Primeiro, temos o abismal problema da educação em Angola, que não prepara os estudantes para abraçarem o conhecimento e serem críticos, competitivos e criativos. Este problema radica nos dirigentes políticos, oriundos dos movimentos de libertação, que sustentam uma matriz anticonhecimento como forma de empoderamento da sua mediocridade. Os políticos angolanos têm dificuldades em lidar com o conhecimento que vá para além do necessário para a manutenção do seu poder, estatuto, interesses pessoais e de grupo. Preferem prejudicar ou destruir a nação inteira para continuarem no topo.

Segundo, temos o problema da economia. Não sabemos, enquanto colectivo, o verdadeiro valor dos recursos naturais e x estes podem gerar riqueza para o bem comum.

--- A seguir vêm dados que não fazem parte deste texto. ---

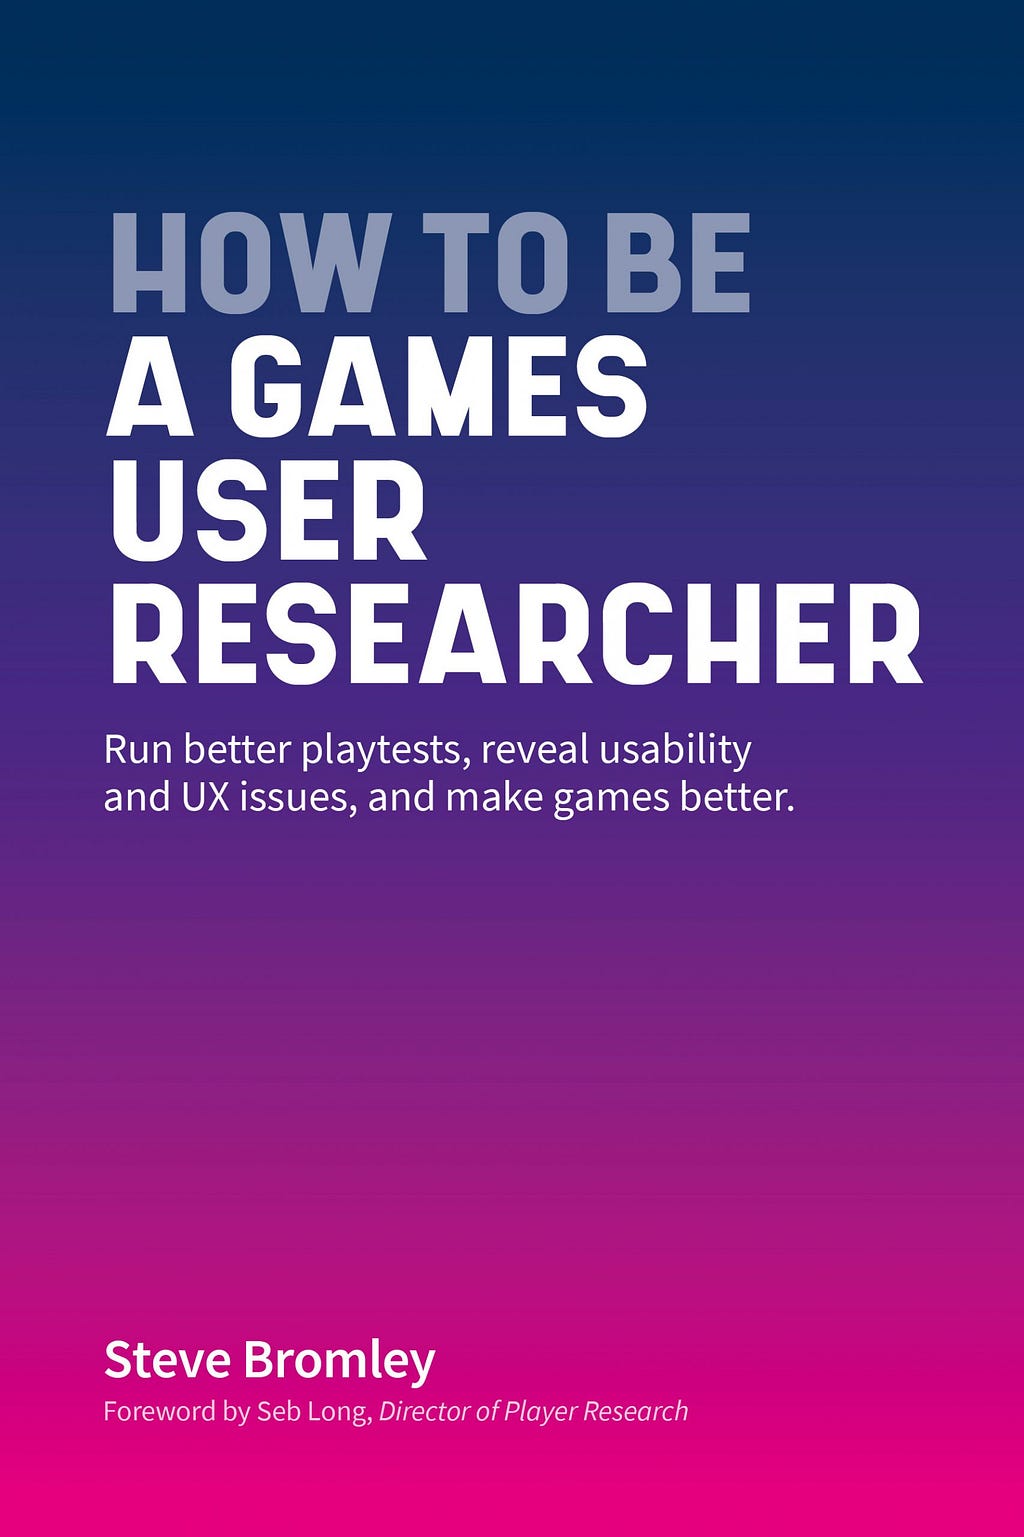 How To Be A Games User Researcher book cover

Continuamos a pensar de forma primária nas necessidades básicas. É o exemplo recente da Trafigura, acusada, a 6 de Dezembro passado, de ter corrompido, com um total de mais de cinco milhões de dólares, um membro do conselho de administração da Sonangol Distribuidora para facilitar contratos de fretamento de navios e fornecimento de combustível, em que o corruptor obteve lucros de mais de 143 milhões de dólares.

Para a classe dirigente e empresarial administrativa, a riqueza continua a ser sinónimo de liquidez, de ter muito dinheiro na conta bancária ou nos esconderijos. Ter dinheiro chega a gerar bastante insegurança, porque não se trata de saber como investi-lo, mas como desperdiçá-lo em gastos supérfluos ou escondê-lo, sobretudo no exterior do país, ou acumulá-lo em notas para ser comido pelos ratos.

Terceiro, enquanto sociedade não acreditamos na força e no poder das instituições, mas sim no homem forte. Sem instituições funcionais e fortes, de pouco ou nada servem as leis. E sem a aplicação imparcial e independente das leis, o que passa a vigorar é o banditismo institucional com legitimidade política.